The semiconductor thin film and the insulating thin film were formed in accordance with the process flow described in the above embodiment using a P-CVD apparatus changed to m, and the amount of fluorine remaining in the formed thin film was measured. The result is shown in FIG. As is clear from the results of FIG. 2, the residual amount of fluorine increases as the surface roughness increases, but it is found that an inflection point exists where the surface roughness exceeds 5 μm. Therefore, in order to reduce the residual amount of fluorine, the surface roughness needs to be 5 μm or less. In a conventional vacuum chamber, since the surface roughness is as large as about 8 to 9 μm, with the increase in the adsorption surface area, in the gas exhaust step after gas cleaning, fluorine atoms that could not be exhausted and stayed in the vacuum chamber, The rate of incorporation into a thin film such as a semiconductor film formed on a substrate increases, but by limiting the surface roughness to 5.0 μm or less, the amount of residual fluorine is suppressed to a certain amount or less, and TFT characteristics are improved. It can be reduced to a level that has no effect.

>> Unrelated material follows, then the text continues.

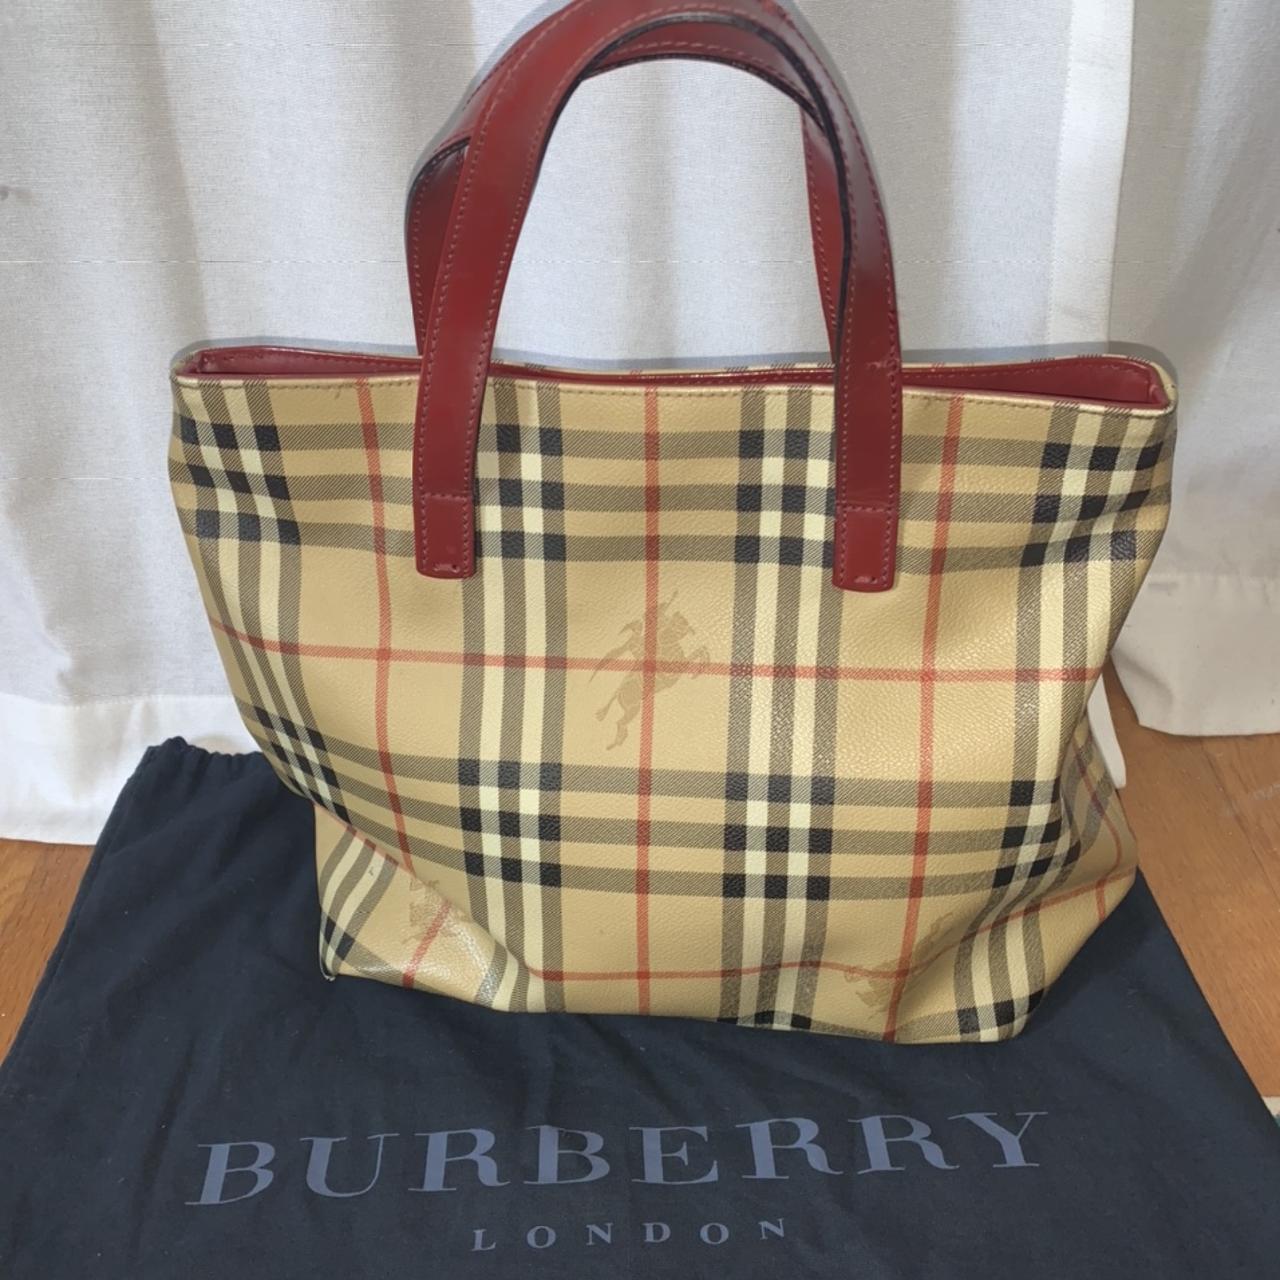 Little Used - Authentic Burberry bag with dust bag made from

As described above, according to the present invention, the member surface roughness (Ra) in the vacuum chamber of the apparatus for producing semiconductor thin films and insulating thin films is reduced to 5.0 μm or less, whereby P
-It is possible to eliminate the influence of the fluorine gas remaining in the vacuum chamber of the CVD apparatus, and to provide a liquid crystal display device excellent in image performance without image quality abnormality such as image sticking phenomenon of the liquid crystal display device. Therefore, its industrial value is great.

[Brief description of the drawings]

FIG. 1 is a flowchart showing a manufacturing process of a semiconductor thin film and an insulating thin film according to an embodiment of the present invention.

FIG. 2 is a diagram showing a relationship between surface roughness and residual amount of fluorine.

FIG. 3 shows a plasma C for forming a semiconductor thin film and an insulating thin film.
It is a schematic diagram of a VD device.

[Explanation of symbols]

 DESCRIPTION OF SYMBOLS 1 RF power supply 2 Vacuum tank 3 Substrate 4 Lower electrode 5 Upper electrode and process gas diffusion plate 6 Substrate heater 7 Grounding 8 Gas exhaust port

 ──────────────────────────────────────────────────続 き Continued on the front page F term (reference) 4K030 AA06 AA13 AA17 AA18 BA29 BA30 CA04 CA12 DA06 FA03 KA09 KA12 LA18 5F045 AA08 AB04 AC01 AC12 AC15 CA15 DP02 EB06 EC05 EF14 EH14

Claims (4)

[Claims] 1. A plasma enhanced chemical vapor deposition (CVD) apparatus wherein the surface roughness (Ra) of a member in a vacuum chamber is not more than 5.0 μm. 2. The plasma chemical vapor deposition (CVD) apparatus according to claim 1, wherein said members are an inner wall of a vacuum chamber and a process gas diffusion plate. 3. A gas cleaning step using a fluorine atom-containing gas for removing a silicon-based film deposited in a vacuum chamber of a plasma enhanced chemical vapor deposition (CVD) apparatus, and a plasma enhanced chemical vapor deposition (CVD). Forming a semiconductor thin film containing silicon as a main component and an insulating thin film on a substrate by a method, wherein the member in the vacuum chamber has a surface roughness (Ra) of 5.0 μm or less. A method for producing a thin film, comprising: 4. The thin film manufacturing method according to claim 3, wherein the members are an inner wall of a vacuum chamber and a process gas diffusion plate.